Department of Forensic Medicine and Toxicology, National and Kapodistrian University of Athens, Athens, Greece.
Department of Pathology, Massachusetts General Hospital, Harvard Medical School, Boston, MA, 02114, USA.
Cardiovasc Pathol. 2019 May-Jun;40:7-11. doi: 10.1016/j.carpath.2018.12.008. Epub 2019 Jan 3.
Cardiac iron overload following liver transplantation in patients without hemochromatosis but with severe hepatic iron deposition has been reported to result in heart failure and/or death in case reports and small case series. However, the frequency and causes of cardiac iron overload following liver transplantation and its relationship to cardiac dysfunction in patients without severe hepatic iron deposition are unclear.
The primary inclusion criteria for this study were liver transplantation followed by autopsy or cardiac transplantation within 1 year. Cases of known hemochromatosis were excluded. Iron stains were performed on left ventricular myocardium from either the autopsy or surgically resected heart, as well as the surgically resected liver.
Nineteen cases met the study criteria: 18 autopsies and 1 case of cardiac transplantation. None of the resected livers evaluated showed severe iron deposition. Myocardial iron deposition was identified in 7 (37%) of the cases. The presence of myocardial iron deposition was not significantly associated with the grade of hepatic iron deposition, or the pre-liver transplantation serum iron or ferritin levels. However, in the patients with myocardial iron deposition, there were trends toward higher pretransplant transferrin saturation (TSAT) and more units of red blood cells transfused (uRBC). The product of the TSAT multiplied by the uRBC was significantly greater in the patients with myocardial iron deposition [4700 (3100-9800) vs. 680 (400-2300), median (interquartile range), P=.003]. New reduced left ventricular ejection fraction (<50%) following liver transplantation occurred in four of five patients with myocardial iron deposition, compared with zero of eight patients without myocardial iron deposition (P=.007).
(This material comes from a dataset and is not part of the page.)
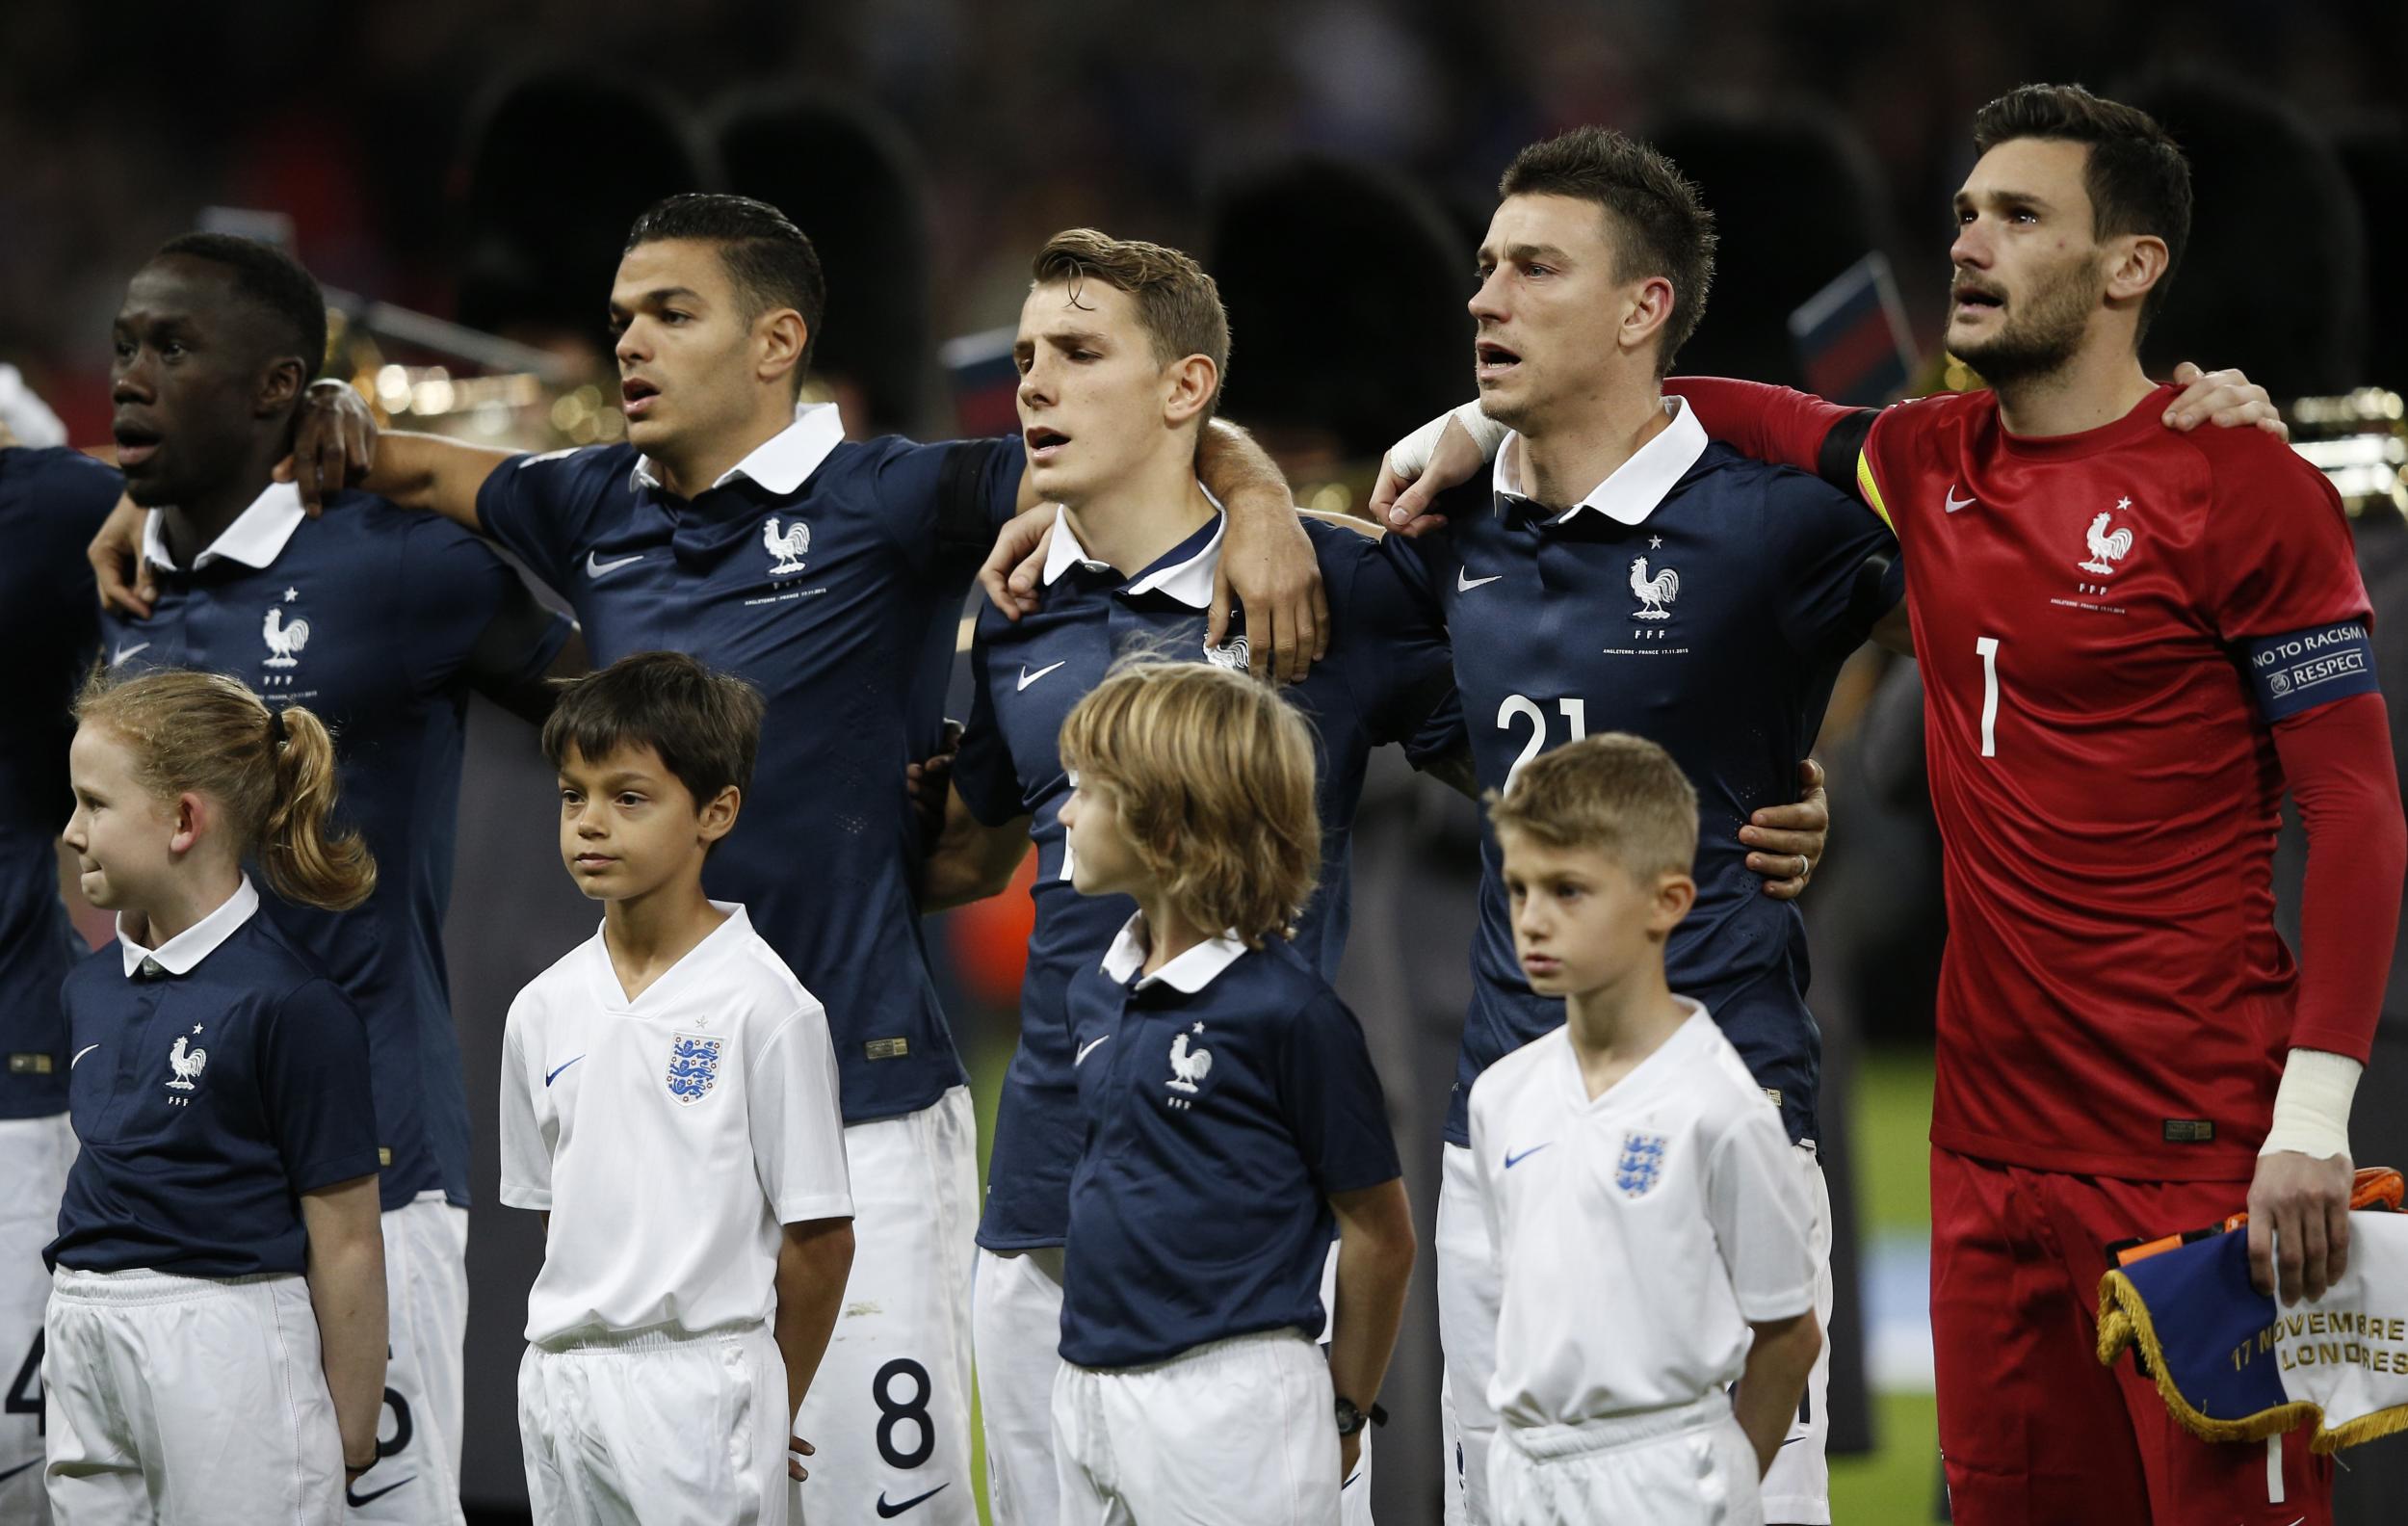 The French team during the rendition of 'La Marseillaise'

In this series of patients without severe hepatic iron deposition, cardiac iron overload was associated with cardiac dysfunction following liver transplantation and was related to the product of the pre-liver transplant TSAT multiplied by the number of uRBC transfused during and following the surgery.
在没有血色病但肝铁沉积严重的患者中,肝移植后发生心脏铁过载可导致心力衰竭和/或死亡,这在病例报告和小病例系列中已有报道。然而,肝移植后心脏铁过载的频率和原因以及其与无严重肝铁沉积患者的心脏功能障碍的关系尚不清楚。
本研究的主要纳入标准是肝移植后 1 年内行尸检或心脏移植。排除已知血色病的病例。对尸检或手术切除的心脏以及手术切除的肝脏的左心室心肌进行铁染色。
19 例符合研究标准:18 例尸检和 1 例心脏移植。评估的所有切除肝脏均未见严重铁沉积。7 例(37%)患者存在心肌铁沉积。心肌铁沉积的存在与肝铁沉积程度、肝移植前血清铁或铁蛋白水平无显著相关性。然而,在存在心肌铁沉积的患者中,移植前转铁蛋白饱和度(TSAT)和红细胞输注单位(uRBC)更高,呈趋势性。心肌铁沉积患者的 TSAT 与 uRBC 的乘积显著大于无心肌铁沉积患者[4700(3100-9800)比 680(400-2300),中位数(四分位距),P=.003]。4 例存在心肌铁沉积的患者在肝移植后新发左心室射血分数降低(<50%),而 8 例无心肌铁沉积的患者无一例新发左心室射血分数降低(P=.007)。
在本系列无严重肝铁沉积的患者中,心脏铁过载与肝移植后心脏功能障碍有关,与肝移植前 TSAT 与手术期间和手术后 uRBC 输注量的乘积有关。